## Instructions for the task
Below are some records. Quote exactly the lines from the one that contains "ashamed woman" through the last, both included, and leave out the pictures.

Stored items from a collection
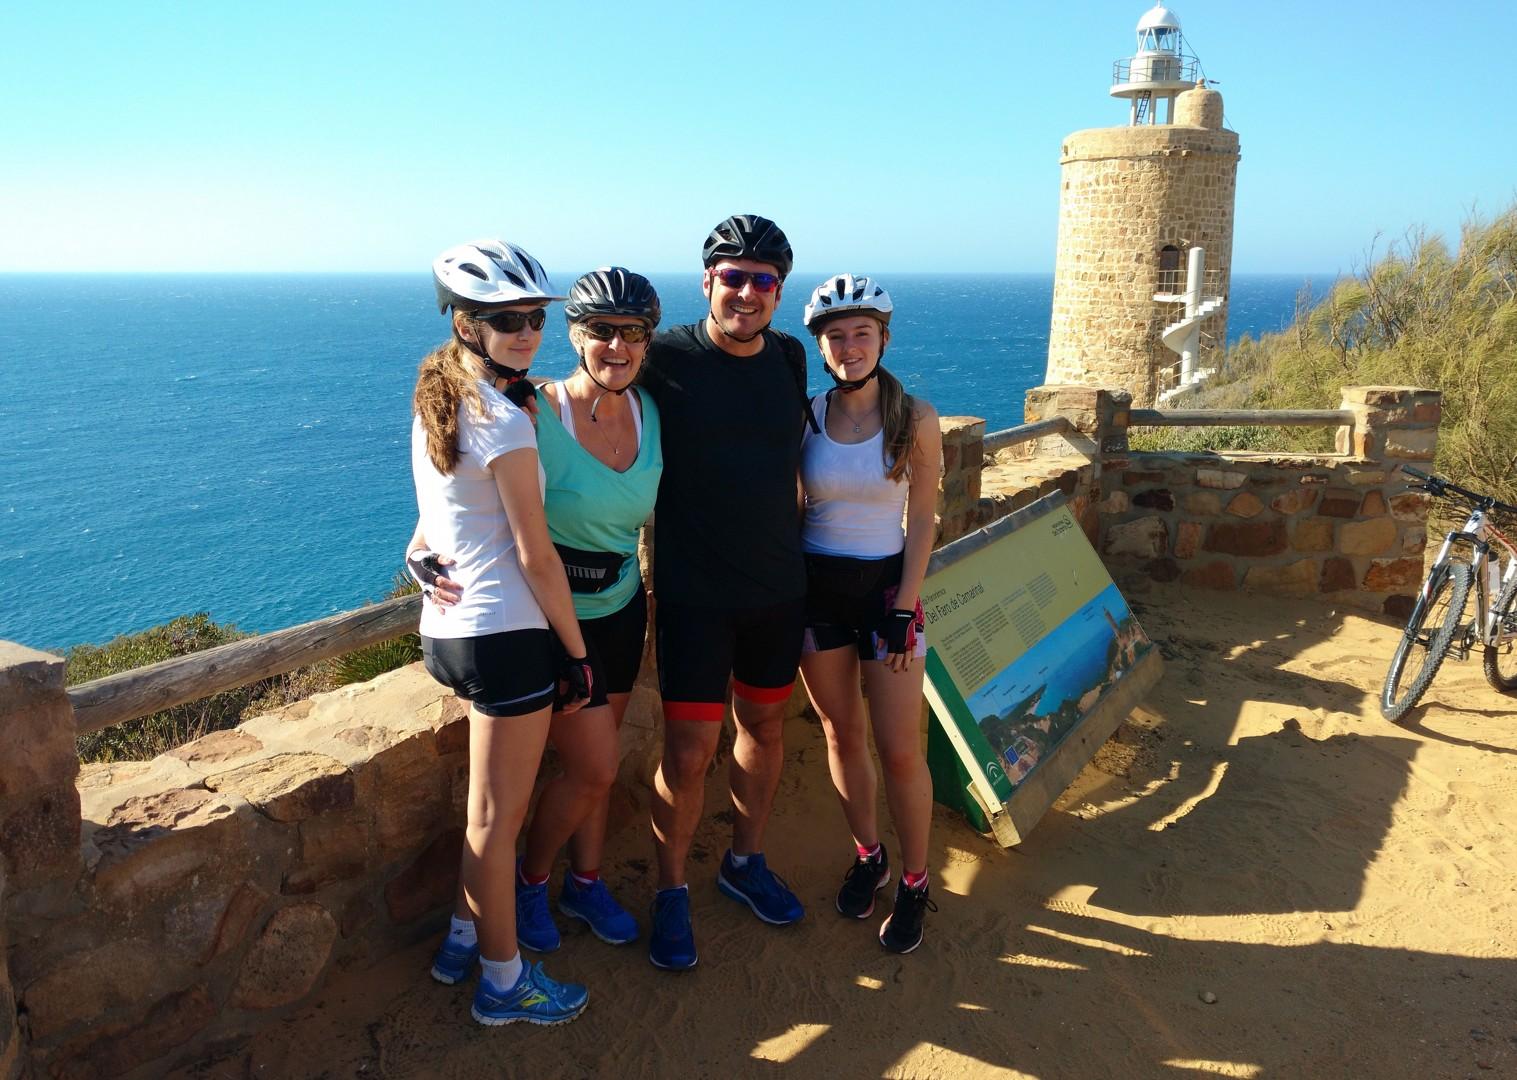 IMG_20171025_120722092.jpg - Southern Spain - Coastal Adventurer - Family Cycling
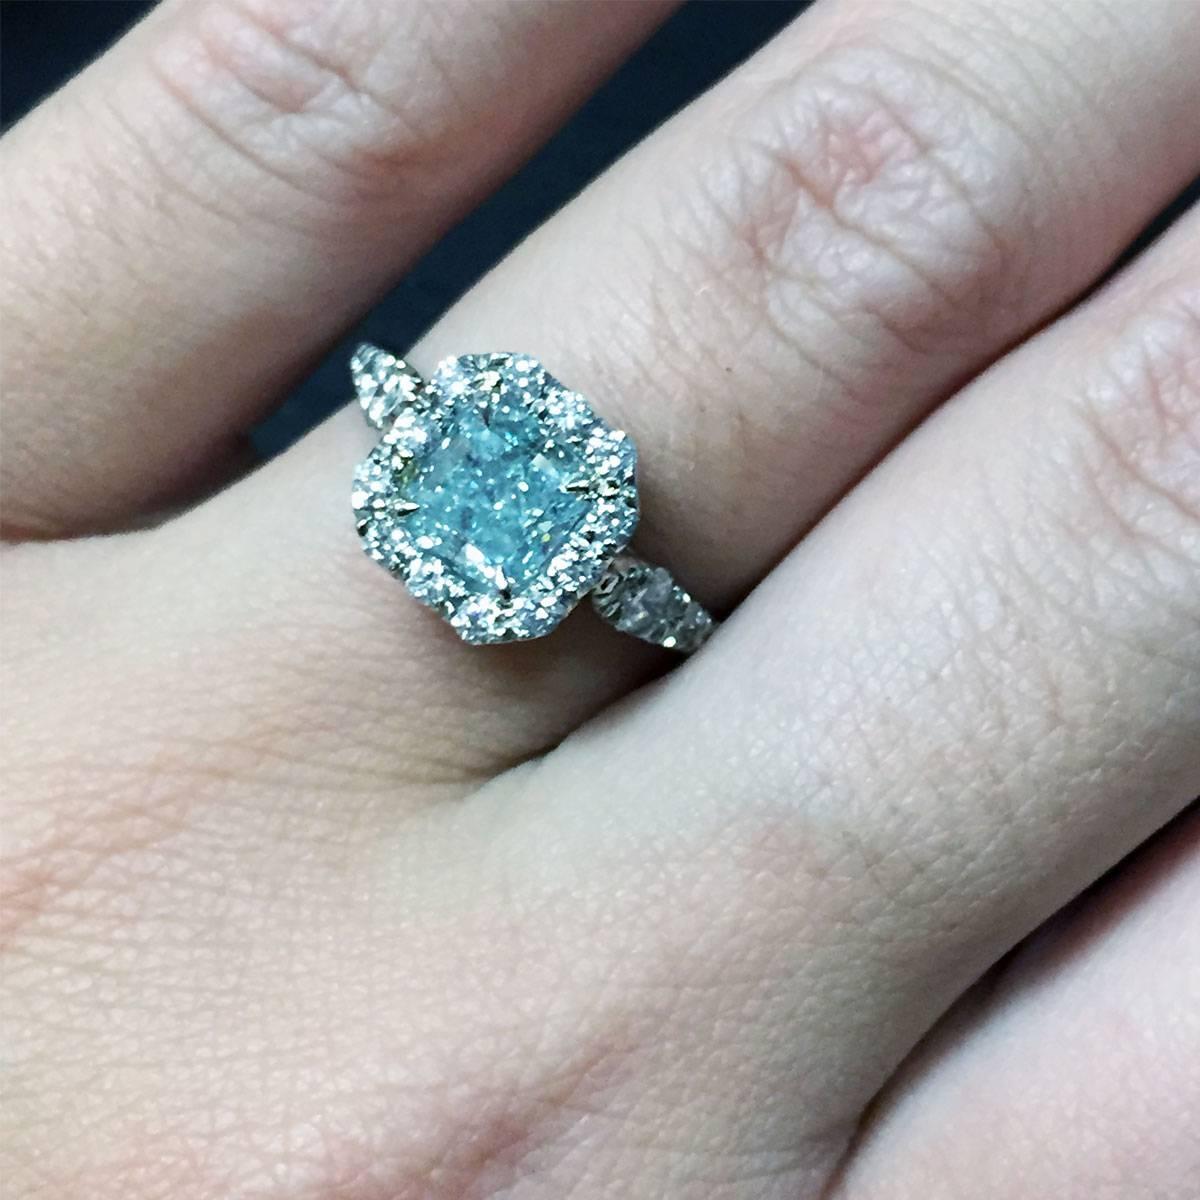 Rings : Affordable Diamond Rings Diamond Stackable Rings Diamond Regarding Newest Affordable Anniversary Rings (Gallery 22 of 25)
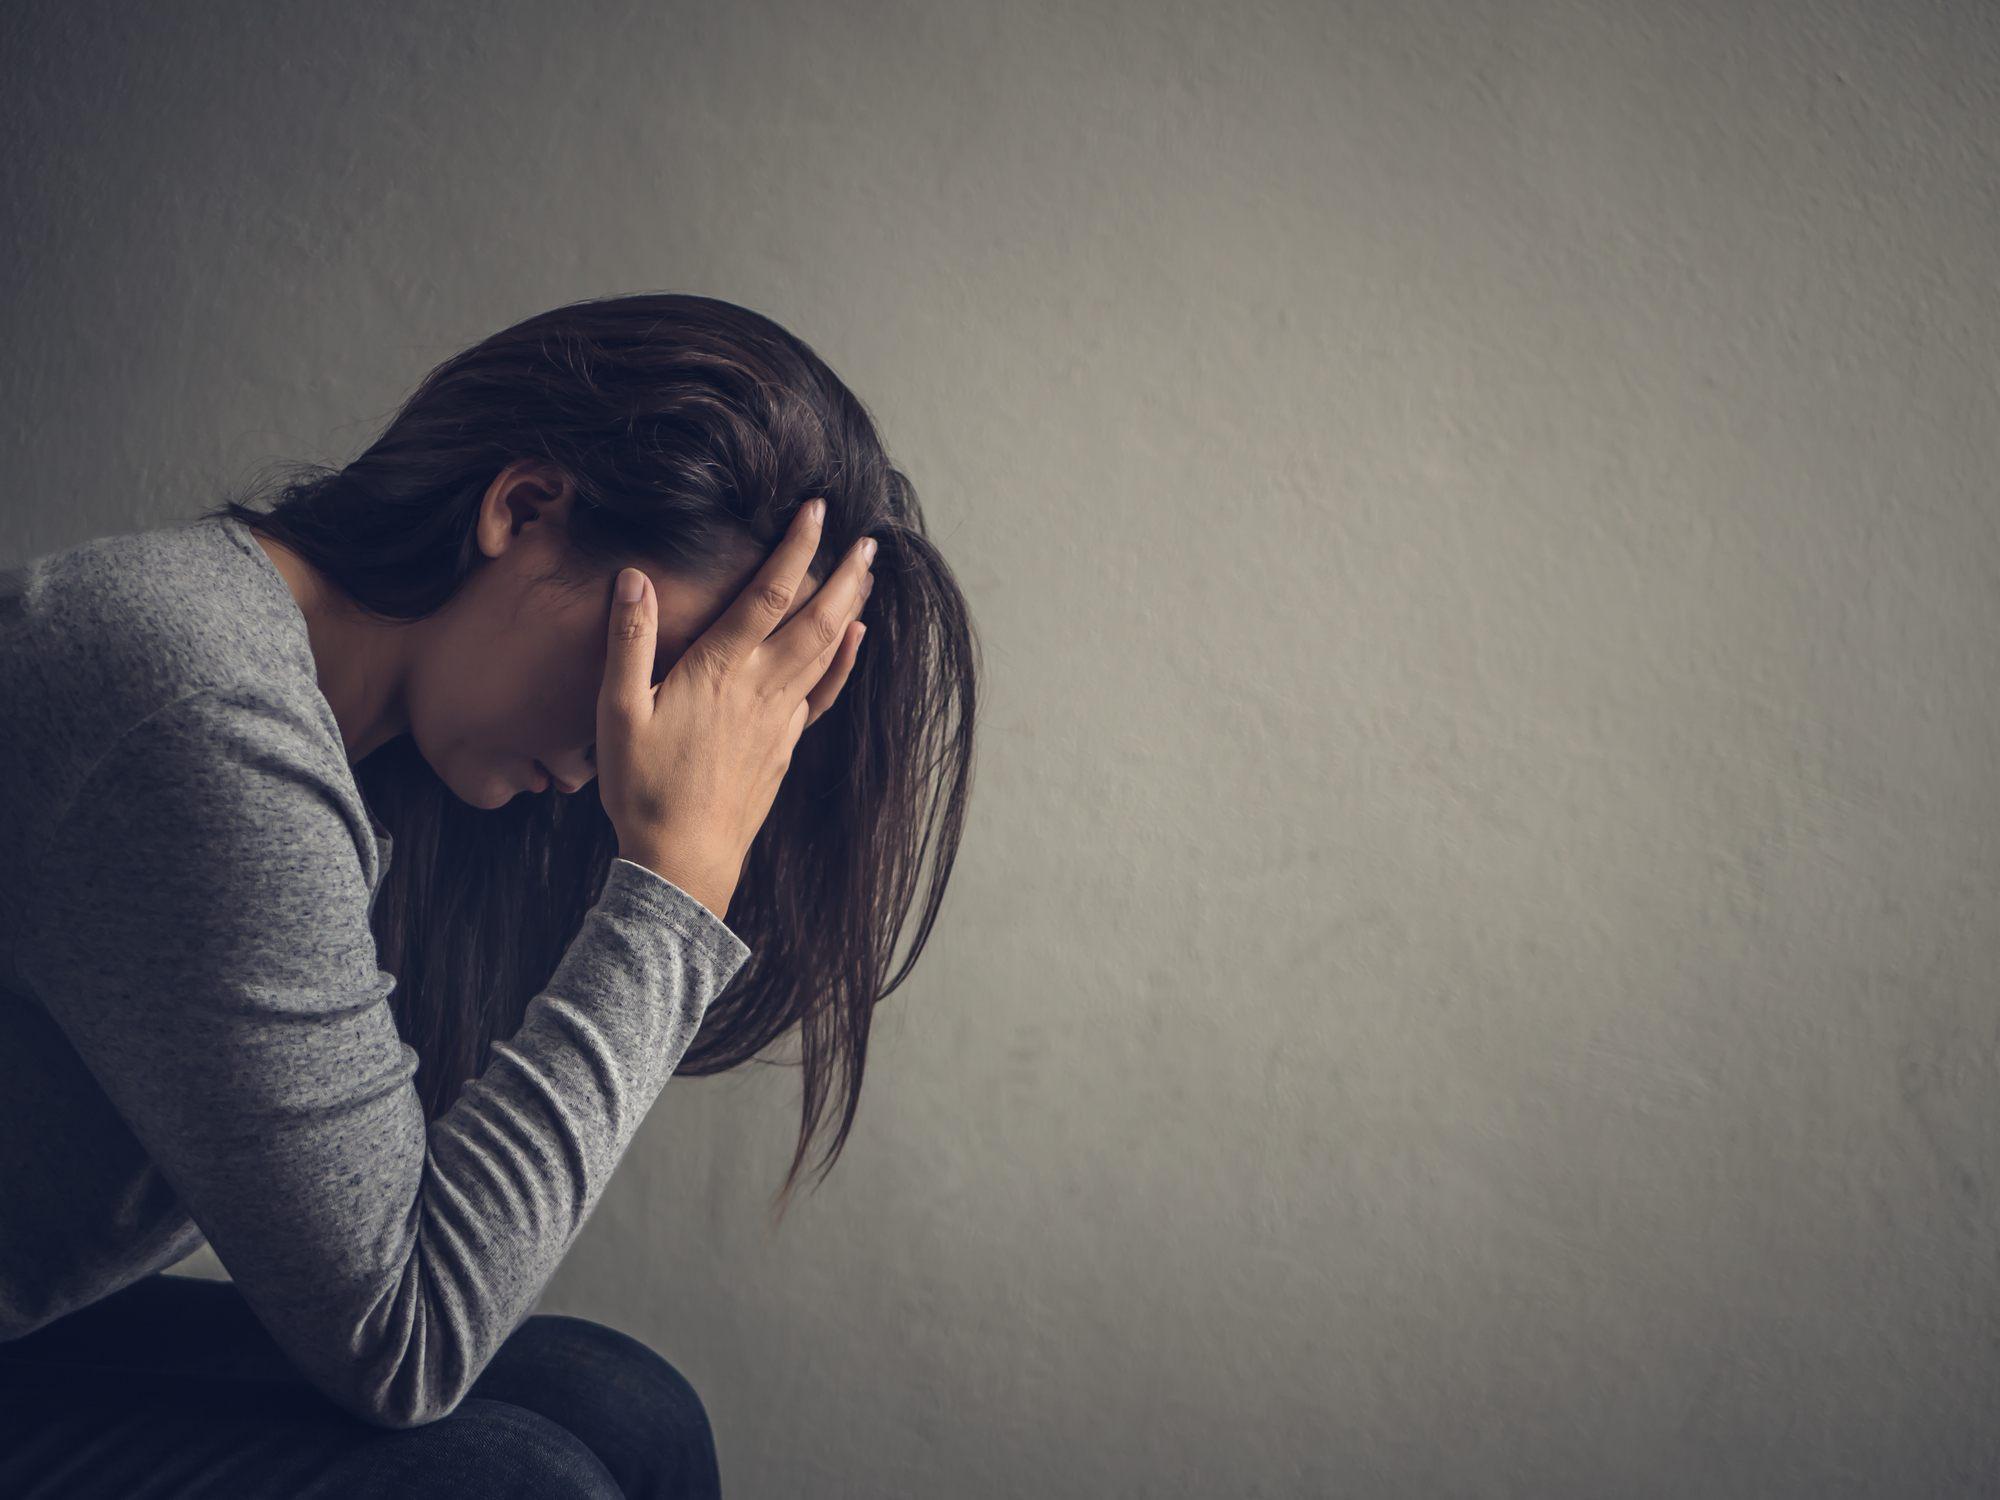 ashamed woman
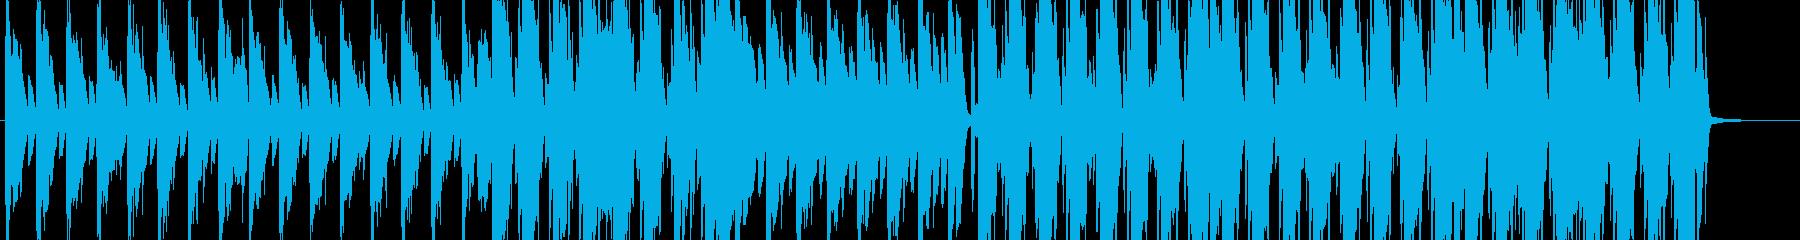 Kawaii×シャボン玉【歌なし】の再生済みの波形
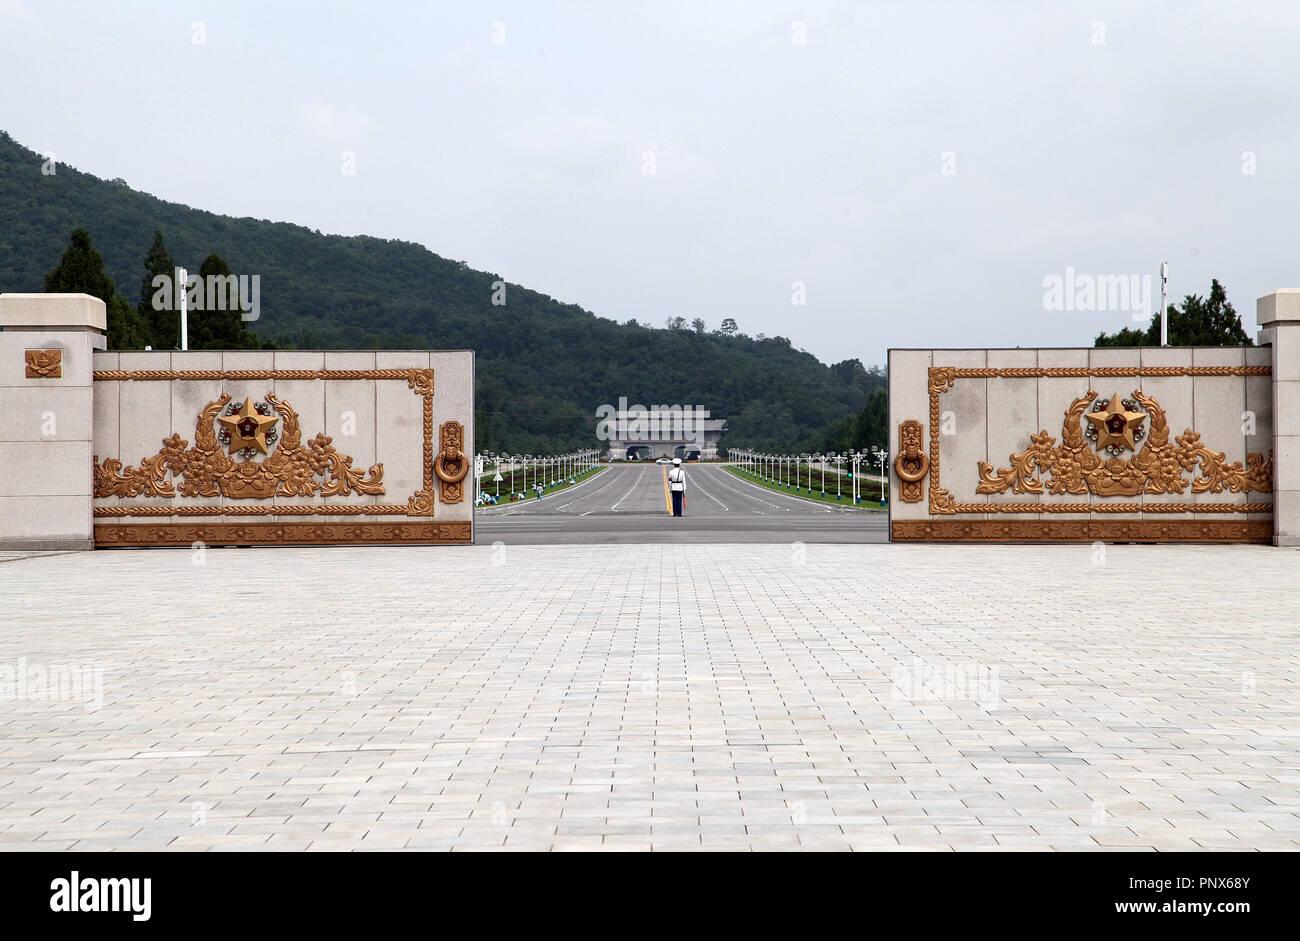 Kumsusan Palace of the Sun in Pyongyang - Stock Image

## Output below
 ashamed woman
 Kawaii×シャボン玉【歌なし】の再生済みの波形
 Kumsusan Palace of the Sun in Pyongyang - Stock Image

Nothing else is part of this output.